Plans have been drawn up to find a way to re-open a car park next to a Doncaster green space, which nearby residents claim is a magnet for antisocial behaviour.
The facility was closed after campaigners who were unhappy about its use found evidence that the access road to the car park at Quarry Park, at St Mary's Road in Dunsville, was a bridleway – and therefore should not have been being used by cars.
Now Doncaster Council is looking at buying the bridleway and upgrading it into a road, allowing the car park to be used again.
But protestors, who have asked for the council to create a car park on another site instead, warn that the plan could take years because of objections.
Andy Rutherford, head of street scene and highways operations at Doncaster Council, said: “Quarry Park is a wonderful facility for the community to use and enjoy.

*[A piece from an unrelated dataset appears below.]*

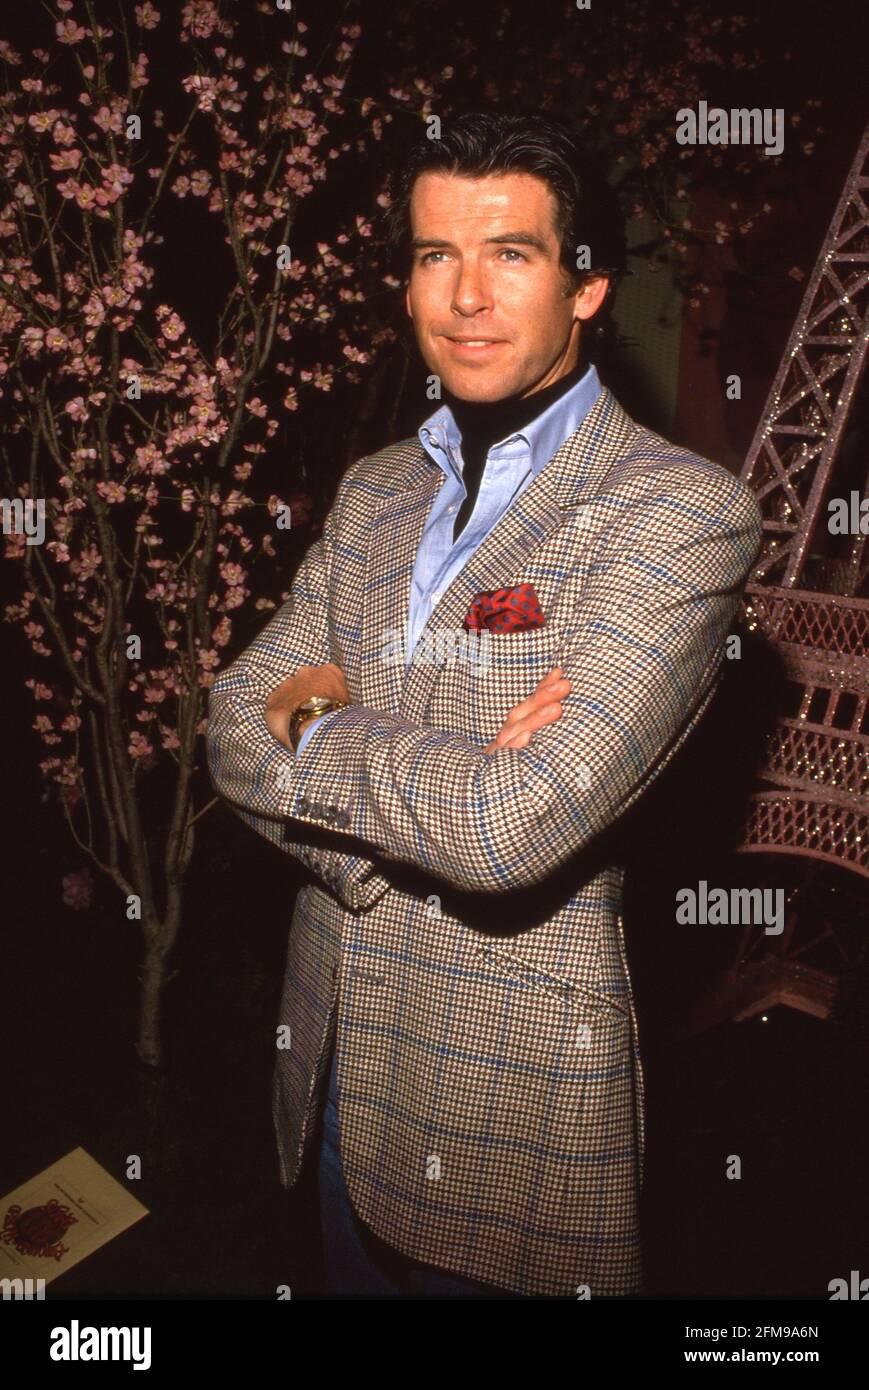 Pierce Brosnan Circa 1980's Crédito: Ralph Dominguez/MediaPunch Foto de stock

However, visitors to the park are currently unable to use the car park, which has been there for over 20 years, as there is no vehicular access from the bridleway.
“The council plans to purchase the bridleway and turn that area of land into a road which will allow vehicles to access the car park.
“Other options have been carefully considered, such as looking at the existing footpath for access. However that would entail building a new road and car park from scratch and would also affect the privacy of many residents living behind the footpath.
“Formal consultations will take place and I have already spoken to many members of the community who are supportive of the council’s plans to bring this car park back into use so the park can be enjoyed by more people.”
But resident Mick Hand said cars were being caught on the bridleway by council CCTV cameras, and police were sending letters to the vehicle owners, warning if they persisted they would be prosecuted.
He has been fighting the car park with support from Hatfield Town Councillor Mick Glynn.
Mr Hand said the council’s plans would bring the nuisance and vandalism back into the car park and warned with objections the plan could take up to two years as it has to go in front of Government town planning inspectors.
He said: “We have asked them to look at an alternate entrance to the park on land which they own less than 200 yards from the bridleway which is a cheap alternative, has better access, is already gated and fenced, can be up and running in a couple of months and has a tarmac path for the disabled, walkers and cyclists.
“The Highways Department has refused. Instead they are intent on spending the public purse, on a bridleway and after two years they still may not get permission.”